Flawed Idea of Gun Registration & 347 Million Plus Firearms

by Greg Camp ; Opinion
AmmoLand News welcomes Greg Camp to our list of the best and brightest Second Amendment contributors.

Firearms Gun Registration
Flawed Idea of Gun Registration & 347 Million+ Firearms
Greg Camp
Greg Camp

USA – -(Ammoland.com)- One of the endemic notions of gun control advocates that flare up after any violence that grabs the headlines is the proposal that all guns must be registered to their owners.

The idea is that if the government knows which guns are in the hands of what law-abiding Americans, the flow of weaponry to criminals would be stanched.

There are multiple problems with this belief. For one thing, the unstated assumption being made here is that the United States exists in a closed system.

And yet, the explicit statement makes this laughable, given the porous nature of our borders. One example of this are the tons of illegal drugs that enter each year.  If our dogs and mechanical sensors can’t keep drugs out, what makes anyone think that we could block machine parts?

Anyone wishing to smuggle in guns would only have to hide them in bales of marijuana.

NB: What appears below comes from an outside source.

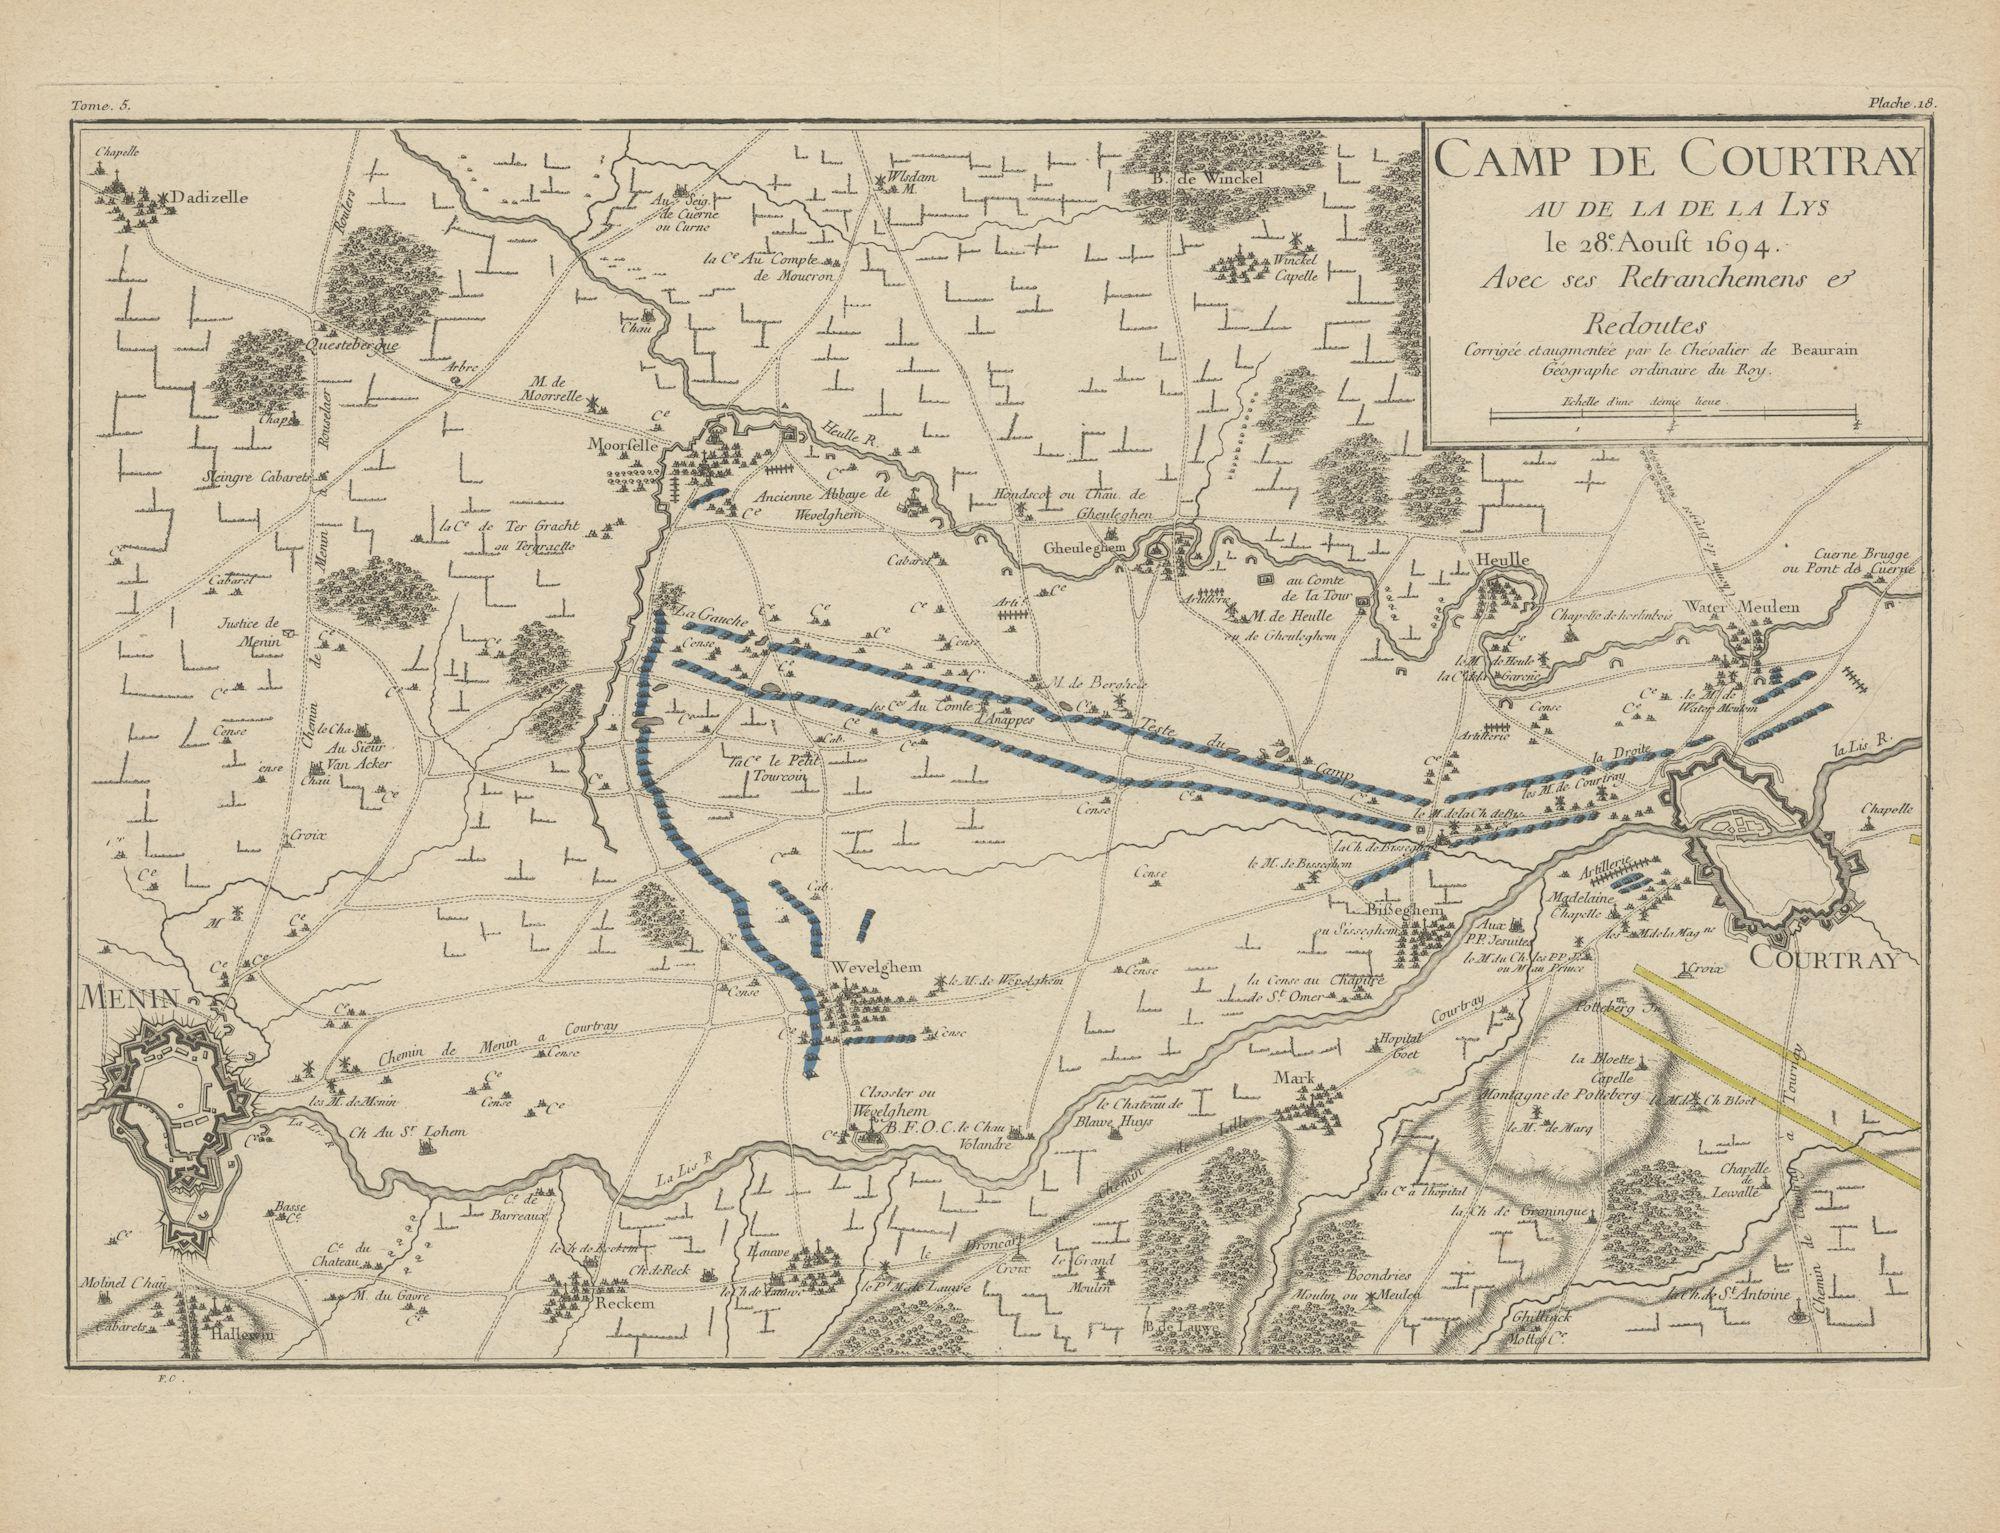 Westflandrica - Het beleg van Kortrijk op 28 augustus 1694

And the record of registries doesn’t provide hope for their supporters. Canada found that its long-gun registry costs billions of dollars while doing nothing to reduce crime or save lives. A parallel effort at keeping a ballistic database of handguns in Maryland—which is a registry in all but name—also resulted in not one criminal case being solved.

There is also the matter of the number of otherwise law-abiding people who would refuse to participate. Despite the stringency of the NY SAFE Act, including a requirement to tell law-enforcement about the “assault weapons” owned in the state, as Tom King, president of the New York State Rifle and Pistol Association, put it, the registry “still may be law, but the people of New York state have repealed it on their own.”  Of course, it’s only the law abiding who would have to register their weapons. Under the Haynes v. United States (1968) ruling of the Supreme Court, demanding that felons do the same would violate their right against self-incrimination, since they’re not supposed to be in possession of firearms.

The difficulties with a firearms registry are even clearer when we consider how many guns are currently in the country—the vast majority of which are currently not registered and many of which have changed hands since the original purchase. The study done by Harvard and Northeastern Universities claims that the number is around 270 million, but Gary Kleck’s estimate in 2012, based on sales figures, import/export data, and the like put the total at 347 million, and something tells me that a few guns have been bought in the years since.

But after all the facts are presented, advocates of gun control will trot out the claim that we accept voter registration and car registration, so we should have no objection to registering something else.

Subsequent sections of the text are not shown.